Let’s wrap this “measuring beam shape” nonsense up. From all the measurements I did in my life, I have 2 key transferrable qualities: it is vigilance (NEVER take anything at face value) and meticulous attention to metadata (how exactly data was measured or recorded, which tools were used, and even why it happened in the first place). Both are golden when it comes to working with real-life data. Because it allows you to be way more efficient in producing the actual impact without getting into the rabbit holes. And that is something that is valued both in academia and in commercial data science.
Data Communication Proficiency → 10/10
While I was in academia, I didn’t consider data communication to be a particularly noteworthy or valuable topic to write about. Working on data visualizations, chatting about data and theories, and writing scientific papers were just part of the job. But after years of doing research, you gain a solid skill set in data communication on different levels (both formal and informal).

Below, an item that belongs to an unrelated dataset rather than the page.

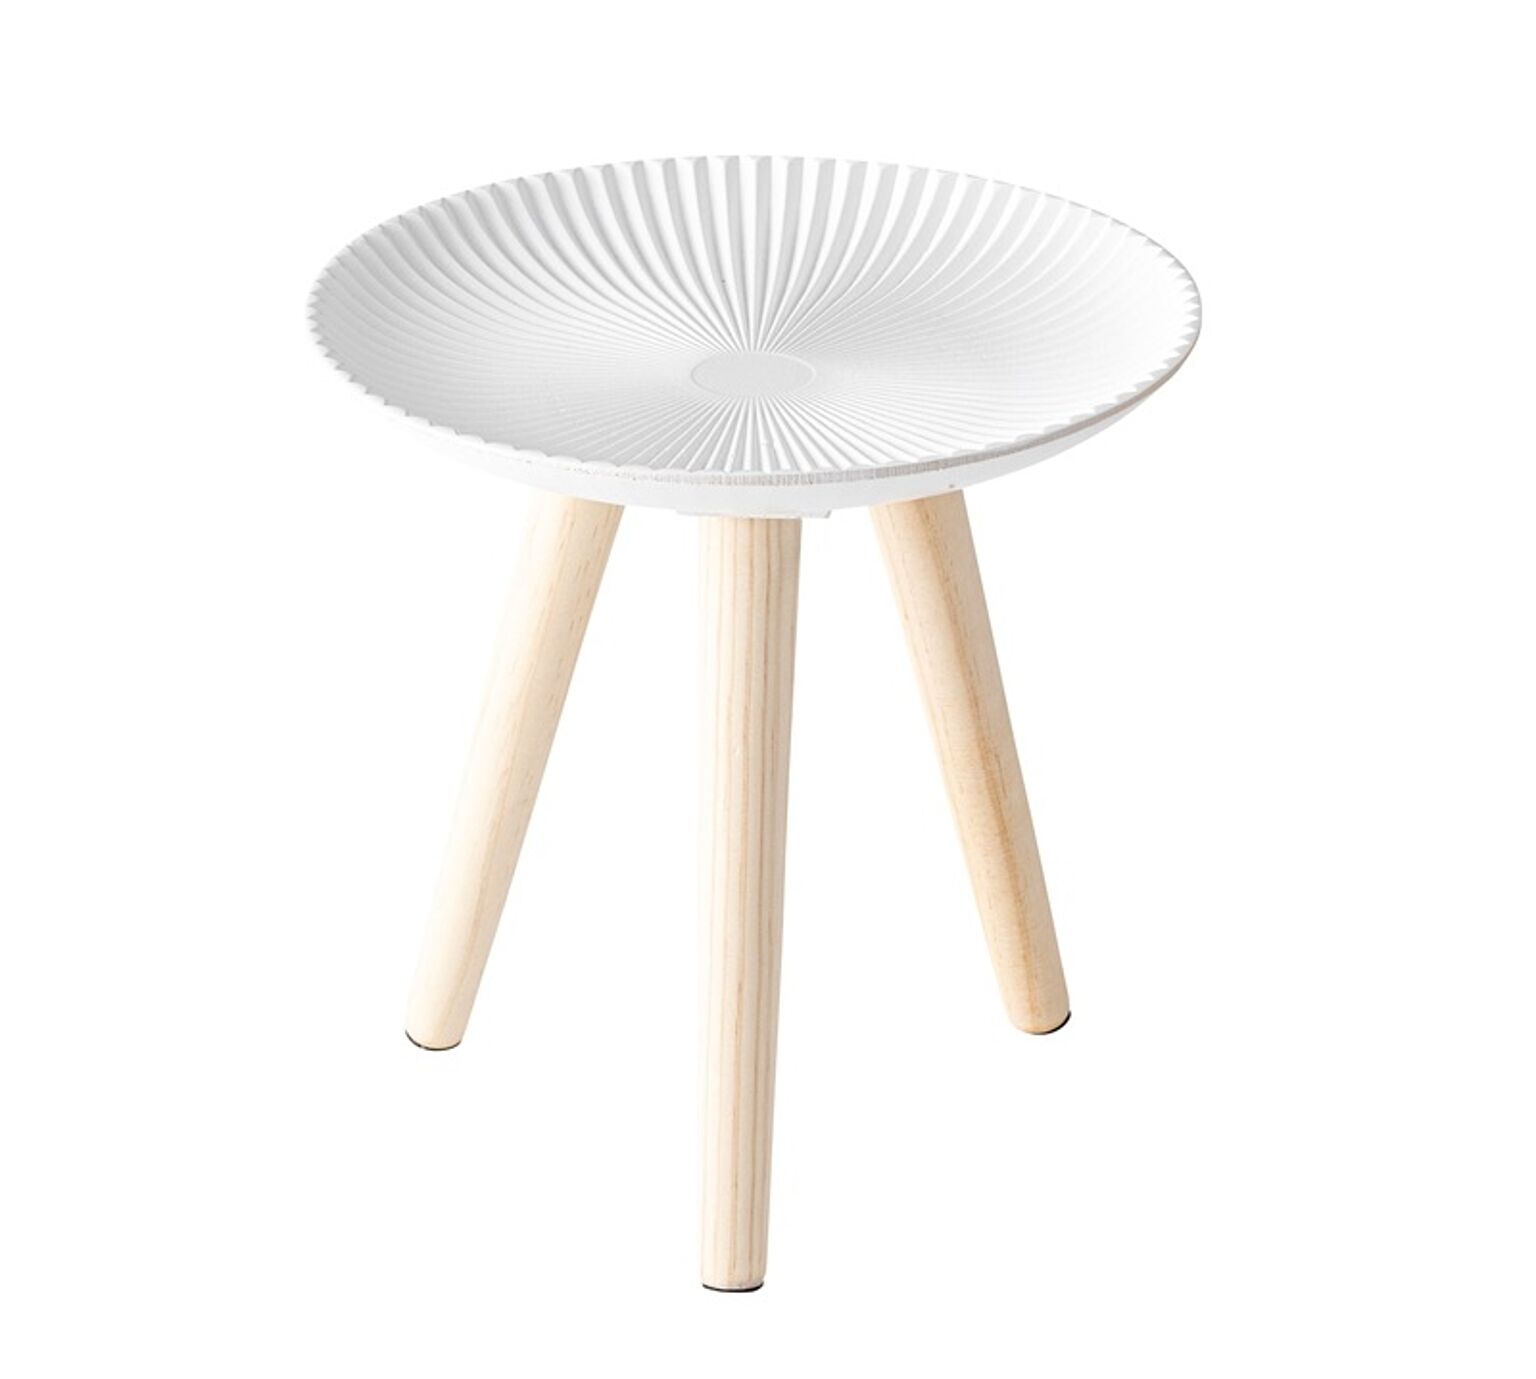 トレーテーブルS φ29.5×H29.5 ホワイト トレーテーブル サイドテーブル トレー 取り外し 小物置き円形 丸形 軽量 おしゃれ かわいい シンプル ナチュラル 脚付き ソファサイド

Writing a scientific paper is one of the more challenging skills to obtain among formal data communication types. It takes a lot of practice to be able to compose a compelling piece that has a proper structure (abstract → intro → literature review → methodology → results → discussion → conclusion → acknowledgments). The structure of the article itself presumes that you have a story to write about. And it is not just about writing: you have to know your way around producing compelling and purposeful visual representations of data. All to get your message to the audience.
I rate this skill as a 10 out of 10 transferability because commercial data science unsurprisingly depends on interactions between humans, communicating your thoughts and results.
Overall, I believe that those with a scientific background can bring unique perspectives and valuable skills to the field of data science. To those in academia who believe that transitioning to a career in commercial data science means abandoning all their hard work and expertise, I offer a different perspective: you have a wealth of value to bring to the table. In my opinion, the best course of action is to leverage your existing skills while picking up new techniques and best practices of the field you transition into (we all know it is a lifelong journey).